The first problem we had in building this house is that we had absolutely no facilities to make building a house in the least bit easy. We had no water, no power and no flat land. I studied A LOT before charging head-long into house building and among foundations, it seemed that the post and pier foundation required the least amount of concrete to be mixed and would be the most straightforward for a building neophyte to pull together. All of the concrete for this place had to be hand mixed as there is no driveway or road for a mix truck to deliver concrete.


I figured that pouring one pier at a time would be slow enough to do (unlike dealing with an entire load of concrete on a truck) that I could take the time to make sure that stuff was plumb and level and fixable if I screwed up. It turns out that it is a slow process but definitely not simple. I learned how to tie rebar and how to mix concrete that was not too wet and not too dry and I learned how to keep a sonotube (cylindrical concrete form) plumb even when pouring shovels full of concrete into them.


Our soil is red sticky clay with very little rock. I read a lot about soil types and found that if there isn’t a sufficient base under a pier, the cylinder that is the pier will push down into the soft clay like a pin through butter when the weight of the house is added. Most recommendations suggest that a larger footprint cylinder will prevent the sinking. They make a flared base that expands the footprint of a typical 8 inch sonotube to prevent sinking but I didn’t have those handy. The other option is to use a bigger tube. Twelve inch piers seemed to be the consensus for size and they were readily for sale. Let me tell you, for simple cardboard tubes, the folks that make the forms are pretty proud of their product. Anyhow, in addition to the size of the base, the depth is important. In addition to needing to dig the piers deeper than the frost line, deeper piers provide more contact between concrete and soil. That friction also prevents sinking as well.
Anyone still with me? Yeah Mom, you don’t really count here. Anyone else? Ok, well just in case…we connected 6x6s to the pier with a metal post base which was bolted to a J-bolt embedded in the concrete. In some ways, I would have preferred to pour taller concrete piers rather than add a wooden post but my back wouldn’t take it. I also did not know if I could lift that much concrete over my head to pour it into the forms. Anyhow, the only reason it matters is that the joint between the concrete and wood is a hinge point…a point of weakness. Solid concrete to the base of the house would have eliminated that hinge point.

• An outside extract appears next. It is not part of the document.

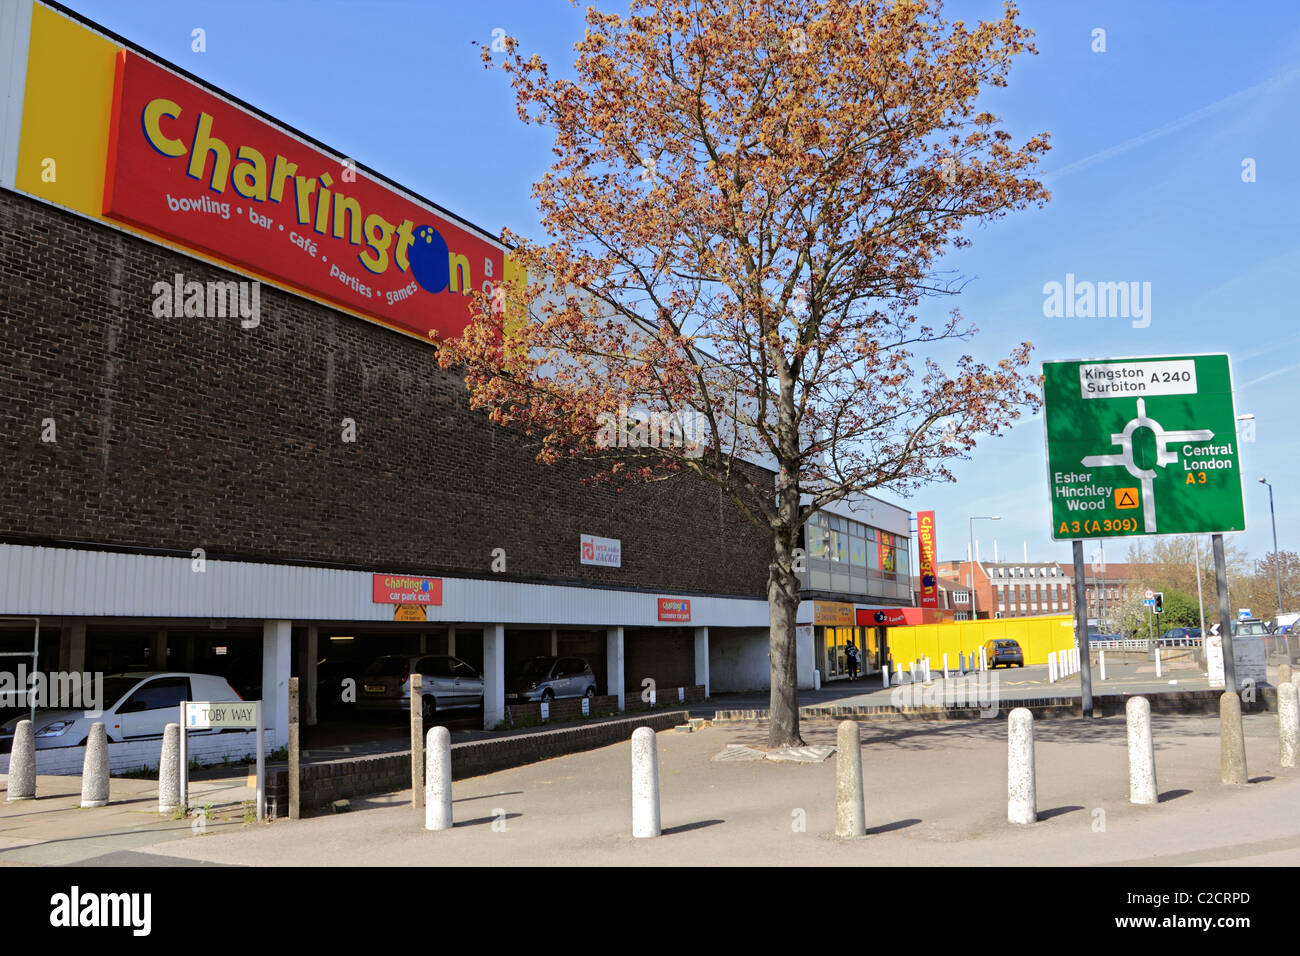 Charrington Bowl 32 lane, 10 pin bowling alley Tolworth, Surbiton, England, UK Stock Photo

My goal is to minimize hinging by making good connections, by making things plumb/level/square and by using geometry. I connected 2×6 boards from the top of one pier to the bottom of adjacent piers. By making triangles with the boards, the weaker tops of the 6x6s are connected to the more stable lower portions preventing movement.

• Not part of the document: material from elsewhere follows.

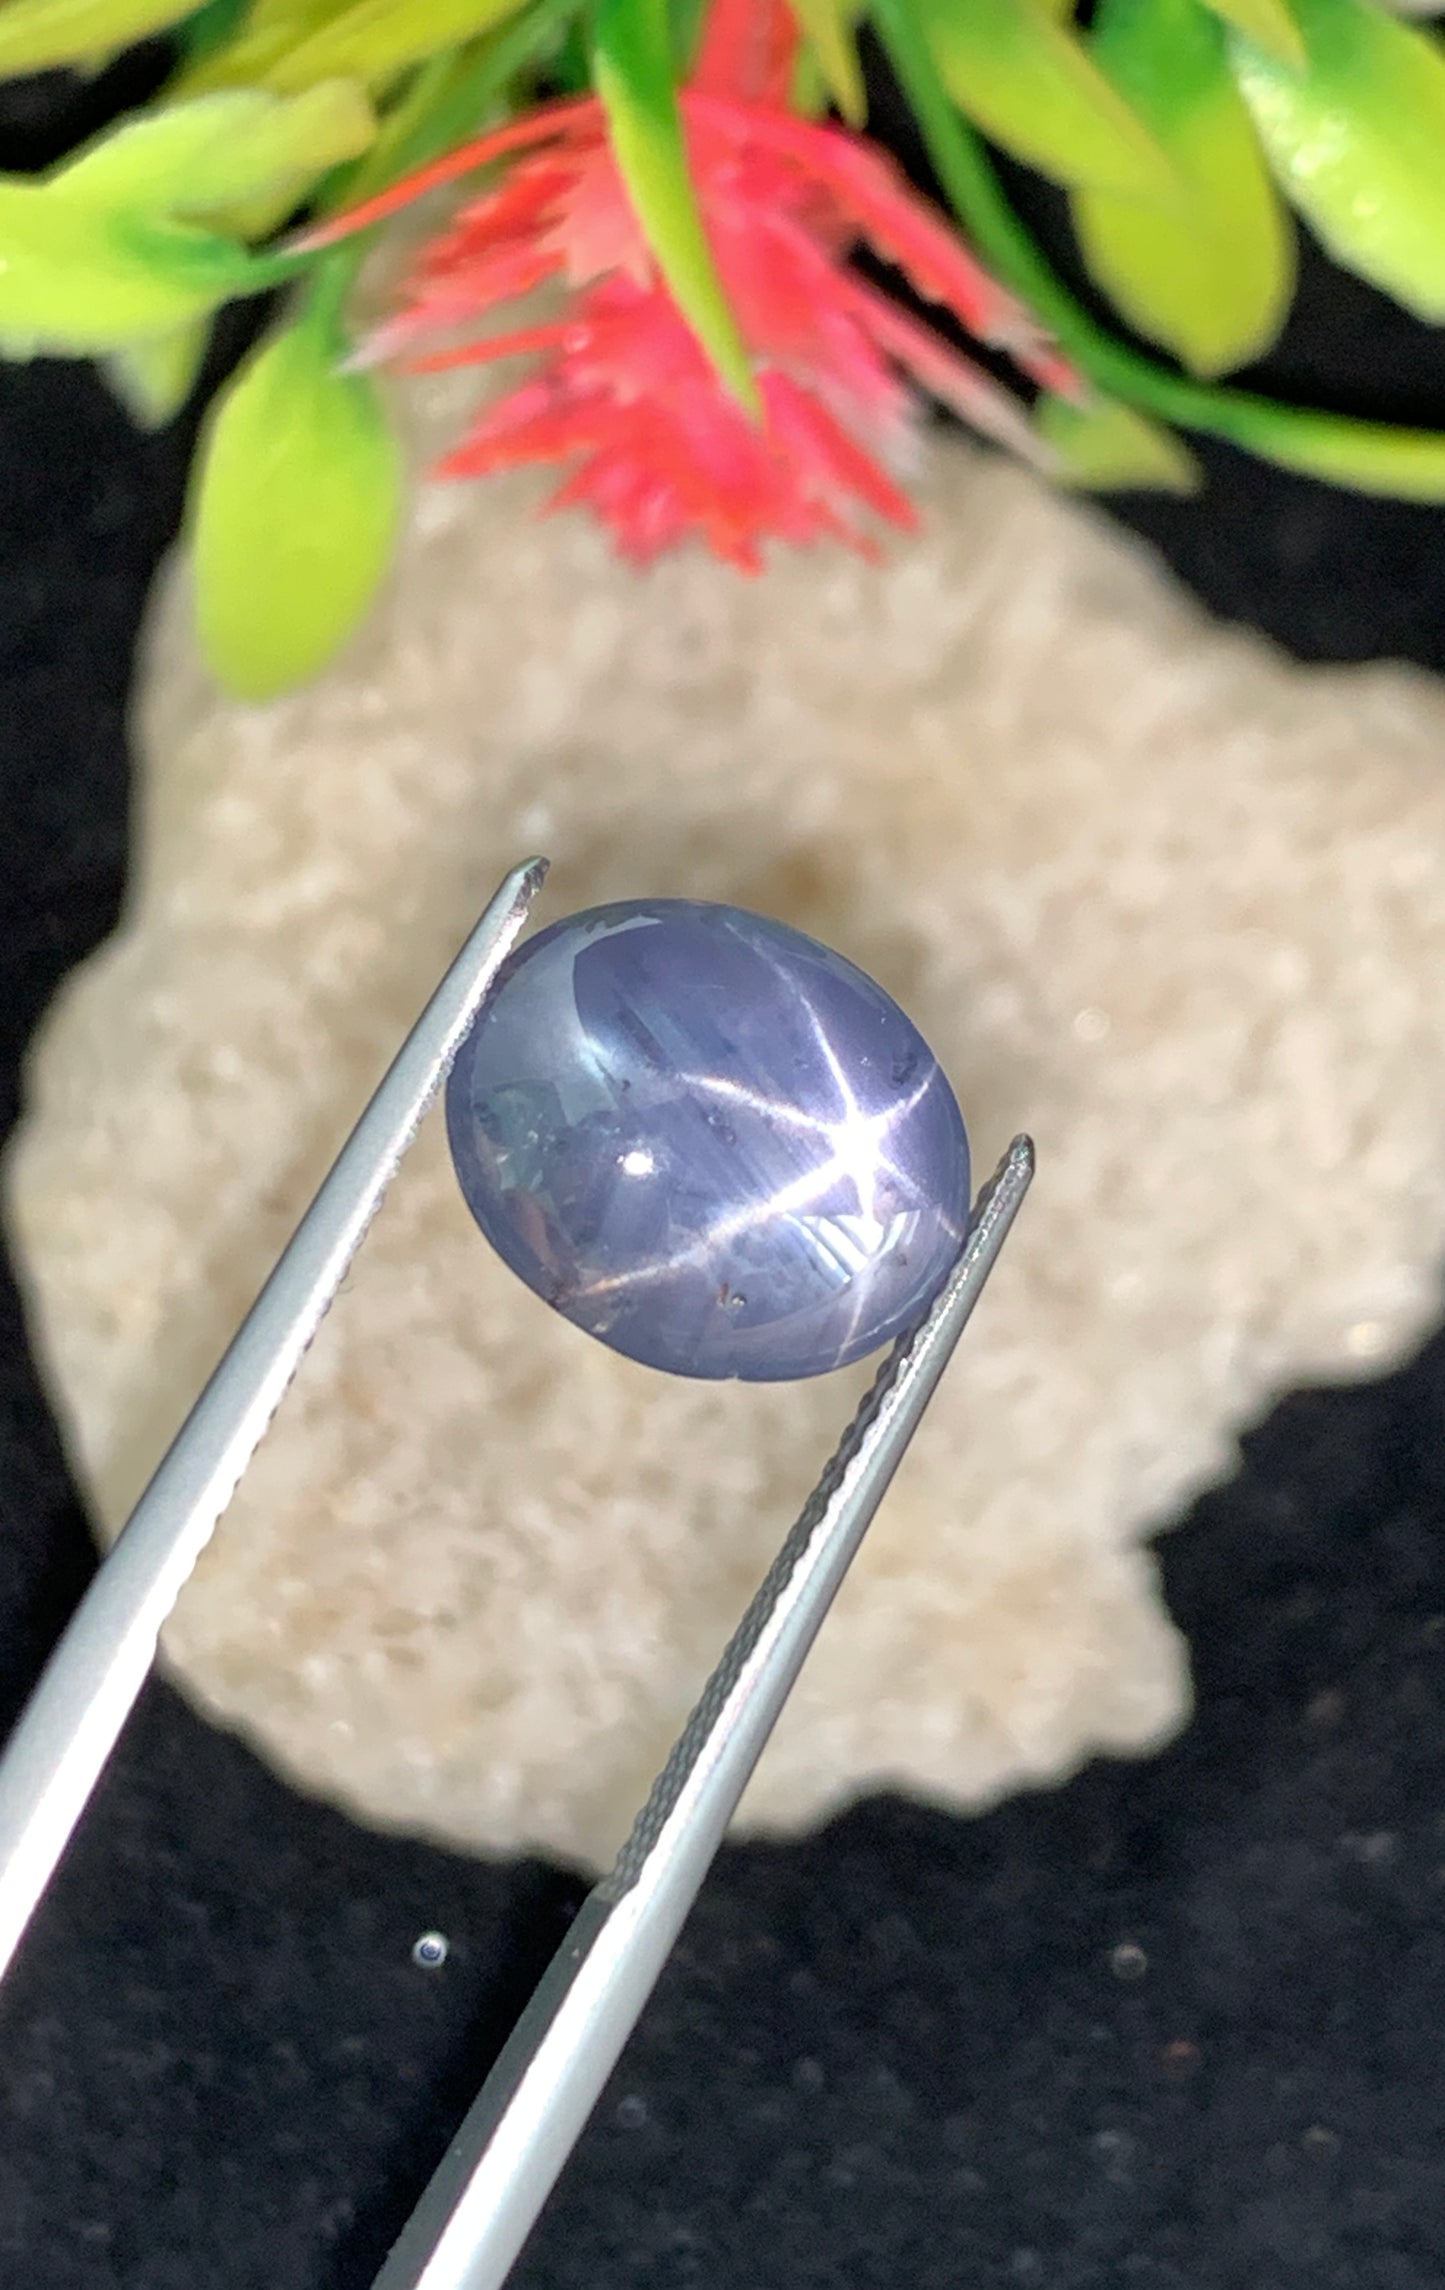 9.85 cts Unheated Star Sapphire

So, once all of that is done, I have a pretty stable base on which to build everything else. I am not sure that I made a compelling case for building a post and pier foundation but I have no regrets and it definitely raises eyebrows. Initially, I had hoped to be able to ignore the space underneath but I will definitely have to do something to protect the area beneath our deluxe shed. The wind really howls up there and I have no interest in a Dorothy/Kansas/Toto deal where my house gets carried away by the wind!